У мальчика, как видно, режутся зубки, и он, крепко зажав в кулачке побег бамбука, усердно вгрызается в него, пуская слюни.

— Да, пока его занимает совсем другое, — улыбается Гэндзи.

— Мне не забыть, Каким оказался горьким Побег бамбука, Но бросить его теперь Я, увы, не смогу,—

произносит он, пытаясь отвлечь ребенка, но тот, ничего не понимая, только смеется и, вырвавшись из рук Гэндзи, уползает.

С каждым днем, с каждой луной мальчик становился все красивее, и многие мучились от дурных предчувствий, глядя на его прелестное лицо. Наверное, и Гэндзи сумел все-таки забыть, «каким горьким…»

«Рождение этого ребенка было предопределено, — думал он, — нельзя было избежать того, что случилось». И все же Гэндзи не мог не сетовать на судьбу. В его доме жило много женщин, и Третья принцесса была едва ли не самой достойной. Можно ли было предугадать, что она станет монахиней? Возвращаясь мыслями к прошлому, Гэндзи чувствовал, что не в силах простить ей той давней вины.

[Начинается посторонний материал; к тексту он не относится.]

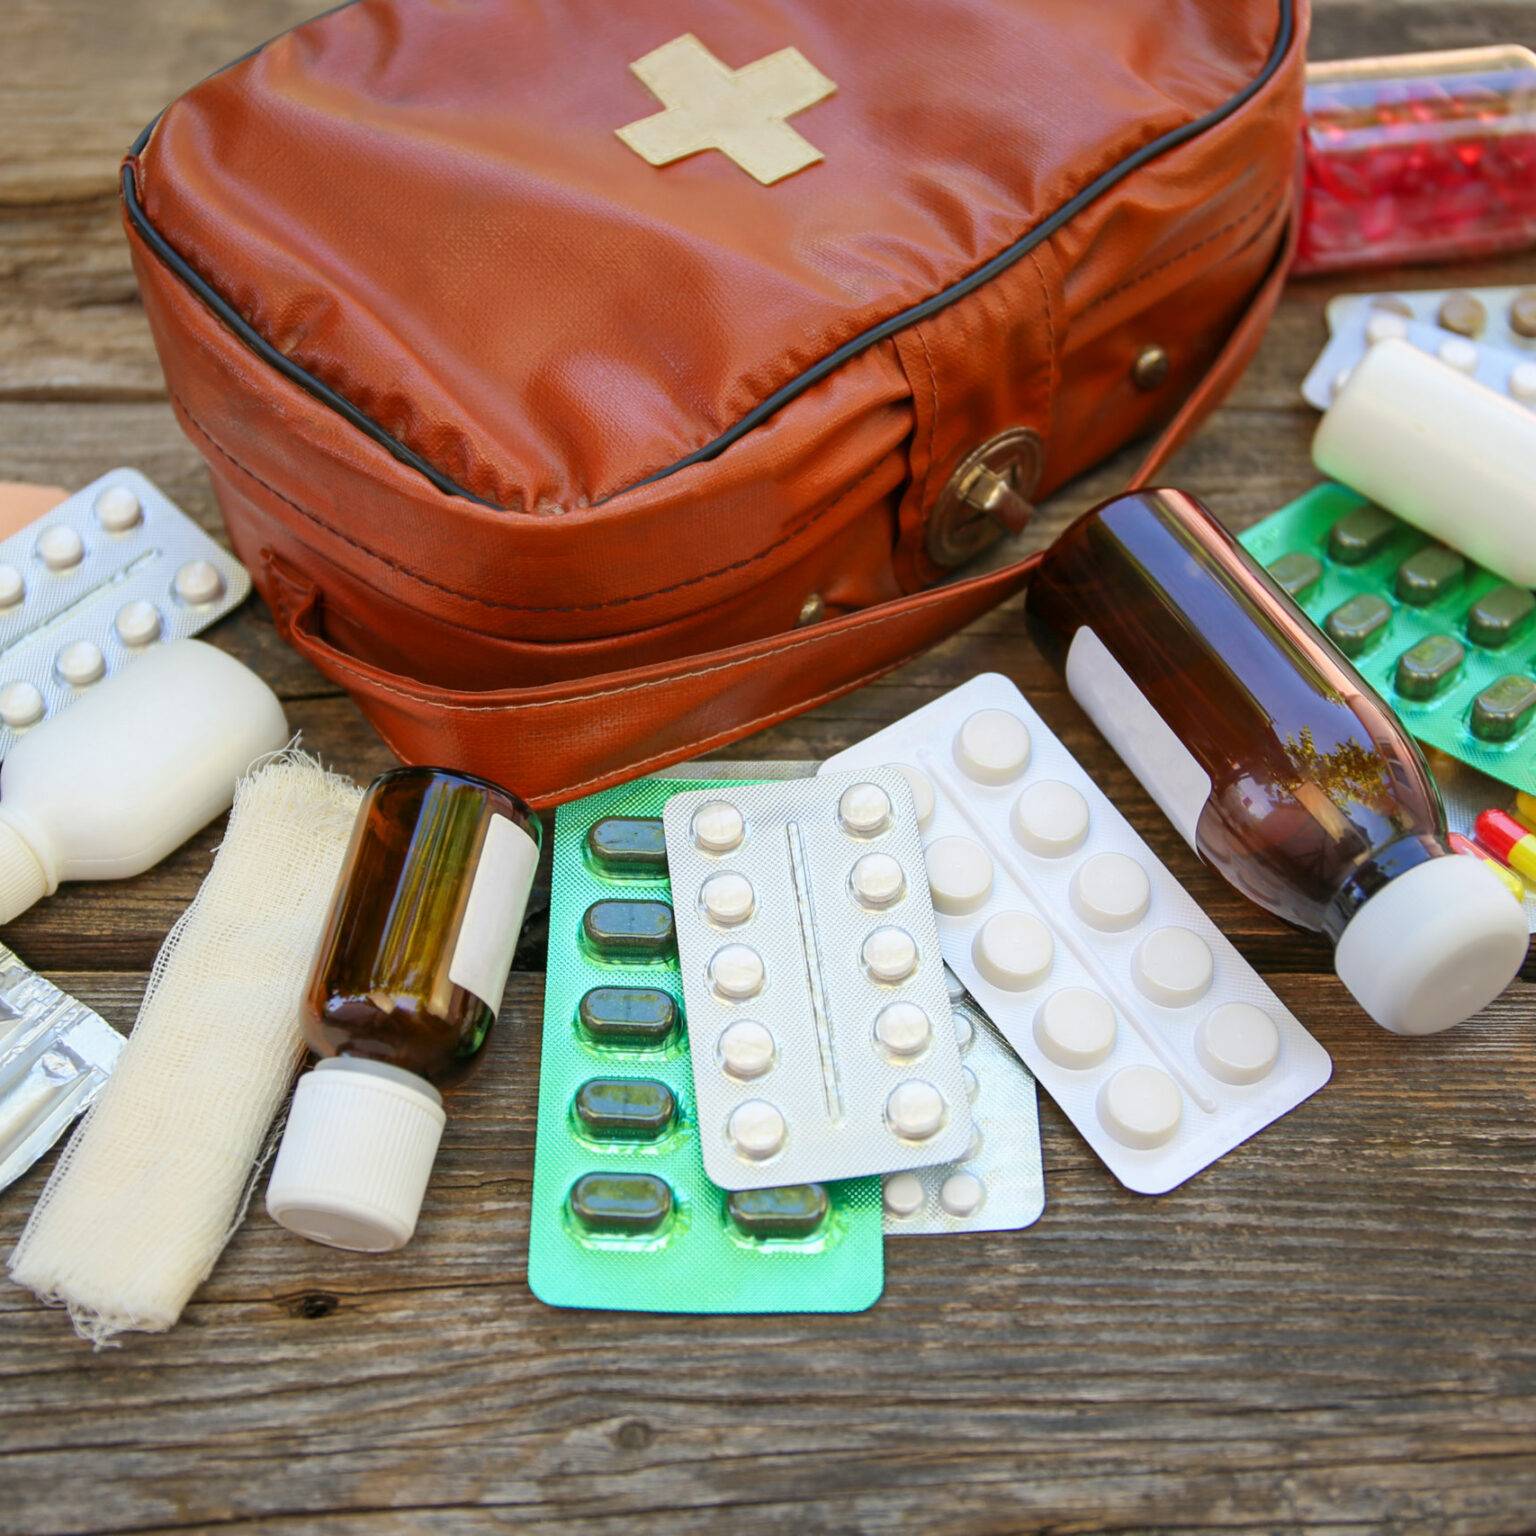 Eine Reiseapotheke in Form einer Erste-Hilfe-Tasche liegt auf Holz, davor liegen Tabletten, Zäpfchen, Medikamentenflaschen und Verbandszeug.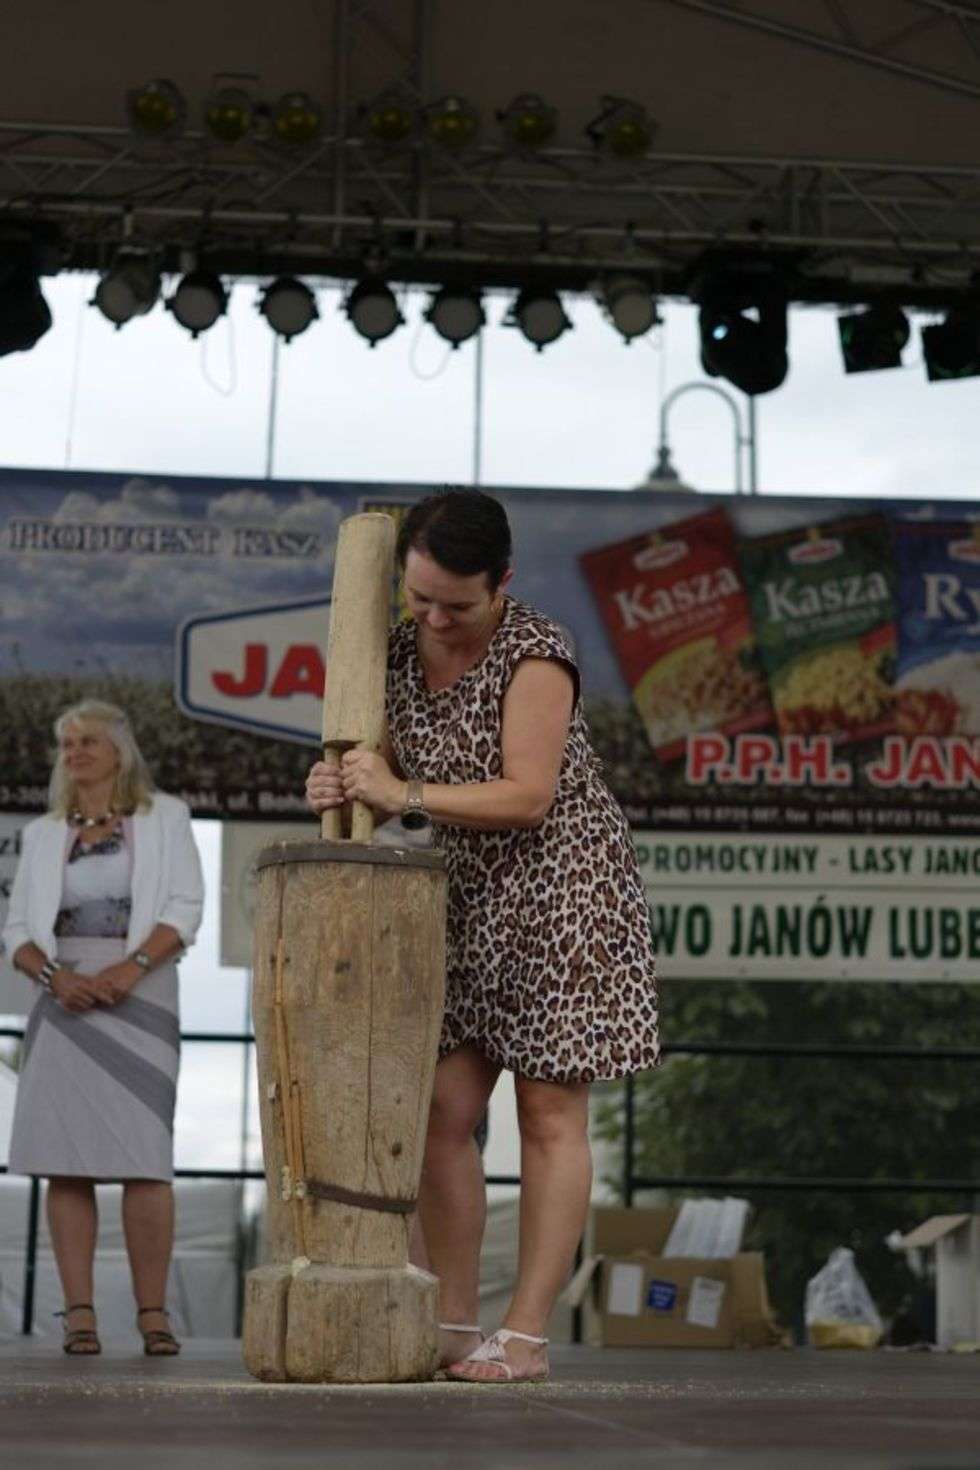  Ubijanie kaszy w stępie to symbol janowskiego festiwalu

Все это время Удайсё хранил в своем сердце прощальные слова ушедшего Гон-дайнагона. Ему хотелось рассказать обо всем отцу, и если не разрешить терзавшие его сомнения, то по крайней мере посмотреть, какое впечатление произведет его рассказ. Но, кое о чем догадываясь, он хорошо понимал, в какое затруднительное положение может поставить отца, а потому терпеливо ждал, надеясь, что когда-нибудь ему удастся узнать подробности и рассказать о том, что волновало Гон-дайнагона в последний миг его жизни.

Однажды печальным осенним вечером Удайсё вспомнил о принцессе с Первой линии и отправился ее навестить. Судя по всему она коротала вечерние часы, играя на кото. В южной передней, куда пригласили гостя, еще стояли музыкальные инструменты: как видно, прислужницы не успели их убрать, захваченные врасплох его появлением. До его слуха донесся шелест платьев: сидевшие у порога дамы спешили отодвинуться подальше в глубину покоев. Воздух был напоен ароматом курений. Как всегда, Удайсё приняла сама миясудокоро, и они долго беседовали о прошлом.

В доме Удайсё всегда было многолюдно и шумно, повсюду раздавались звонкие детские голоса, слышался топот маленьких ног, а в покоях принцессы царила унылая тишина. Дом постепенно приходил в запустение, но каждая мелочь носила на себе печать благородных привычек и тонкого вкуса его обитательниц. Лучи вечернего солнца освещали цветы на берегу пруда, в диких зарослях неумолчно звенели цикады… (274).

Удайсё придвинул к себе японское кото: оно было настроено в ладу «рити» и еще хранило сладостный аромат женского платья. Как видно, на нем часто играли… «Попади в такой дом ветреник, привыкший во всем потакать прихотям собственного сердца, — невольно подумалось Удайсё, — можно было бы ожидать самых дурных последствий, во всяком случае, имя принцессы оказалось бы безвозвратно опороченным». Он пробежал пальцами по струнам. Так, именно на этом кото обычно играл ушедший. Исполнив весьма изящную пьесу, Удайсё вздохнул:

— Помню, как прекрасно звучало это кото в руках у Гон-дайнагона. Кажется, что и теперь должно оно хранить звуки, когда-то извлеченные из струн его пальцами. Смею ли я надеяться, что ваша дочь возродит их для меня?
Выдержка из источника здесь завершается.